I thought that this Anne Sexton quote, “Watch out for intellect, because it knows so much it knows nothing and leaves you hanging upside down, mouthing knowledge as your heart falls out of your mouth," was quite true and good and it made me think of times when I would read a lot of Sylvia Plath, Joan Didion, and Anne Sexton and nerd dudes who really positioned themselves as experts on taste (both irl and on the web) were really against that.

I think that they were reading Vonnegut, Pynchon, Bukowski and that stupid Mark Z. Danielewski book House of Leaves (I’m sorry to call that book stupid, this is actually a fake apology, when I look back I just think that the book was stupid) and I was reading a lot of that stuff too, and everything about a white nerd boy’s (or a MOC who has too many white nerd boy friends) approach to books and film and media is so obvious and transparent and rooted in racism and apathy and fearing girls. I mean, it really took me a while to see they like what they like because of who they are, and not because it is the best, or many times, even good. I am at the point where I don’t trust the taste of any nerd ass dude who lacks self-awareness, because he is probably pompous and a coward with poor deodorant choices. 

I can think of so many white men who are quick to speak of their superior taste, despite having incredibly limited views and exposure to everything. Dudes who can "get past” the racism in Heart of Darkness but scoff at the thought of reading a Gwendolyn Brooks poem. A poem! Boys who are fascinated by war and say that war is just part of our reality, as long as the soldiers being championed are white. (Brown savages fighting is not cool though, so hopefully a white man with an expensive hat and musket will intervene and restore order)

I was listening to dudes who weren’t listening to me. And whenever that is done, when you’re hearing someone who isn’t hearing you (or even asking), there has to be an assessment of value, worth, and power. Because to be heard is powerful.

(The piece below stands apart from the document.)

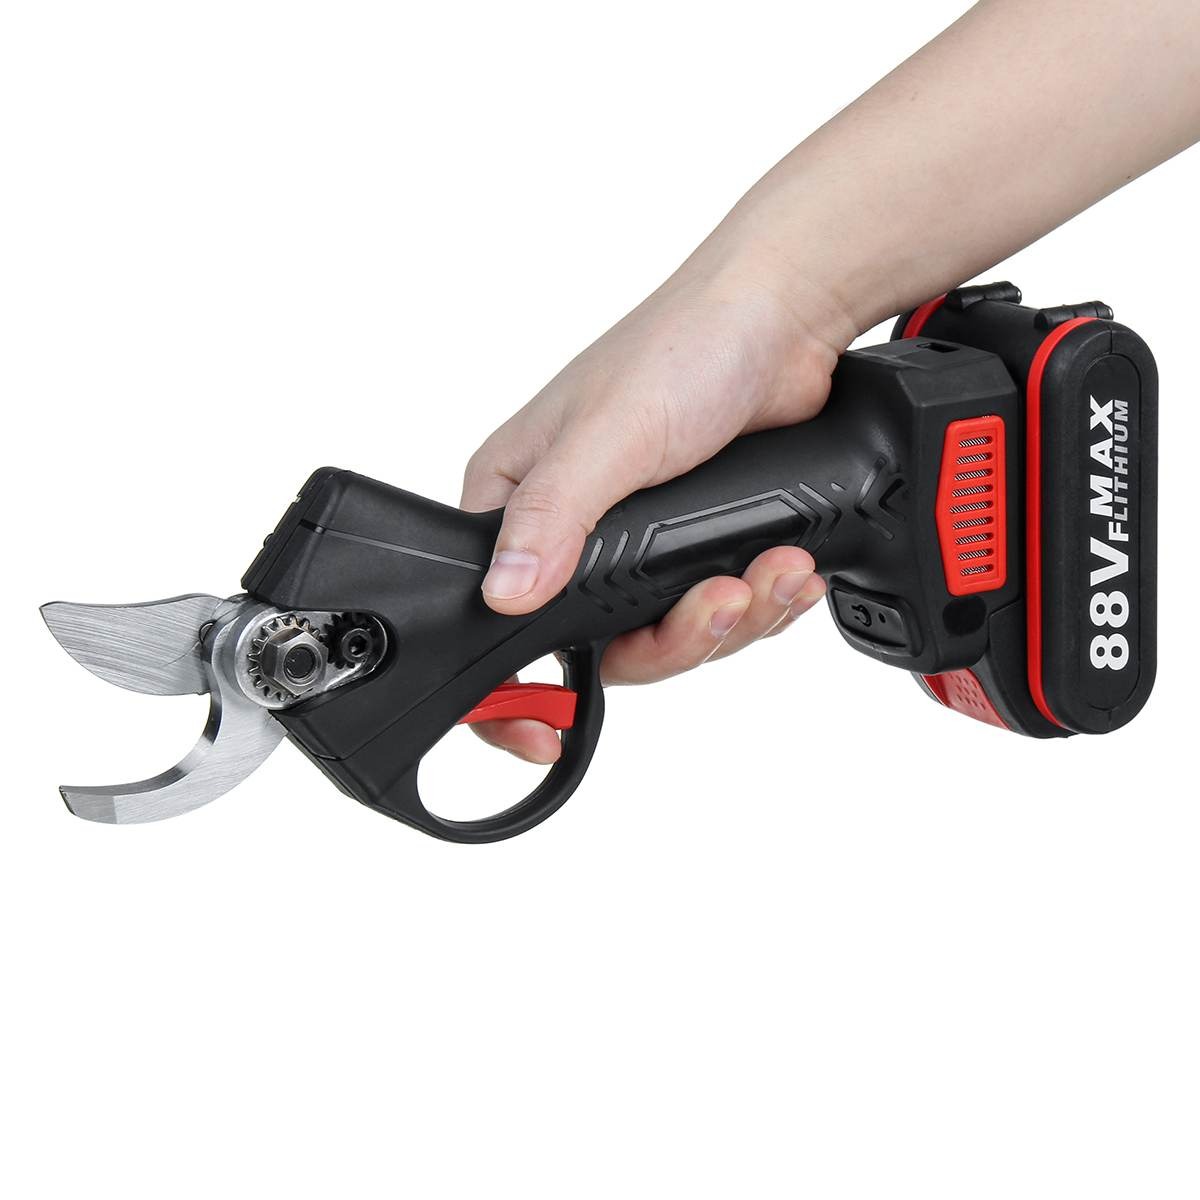 6 violeworks cordless electric pruning she main 4

So that Anne Sexton quote is good in two ways, in that it reminds me not to cherish the words of people who fashion themselves to be super intellectual, but also to think about the kind of people who don’t see value in anything that Anne Sexton says, their reasons. There can be good reasons. But the reasons I was given were always from lazy men much more concerned with assuming authority more than the lives of women. And I find myself increasingly disinterested in anything they have to say.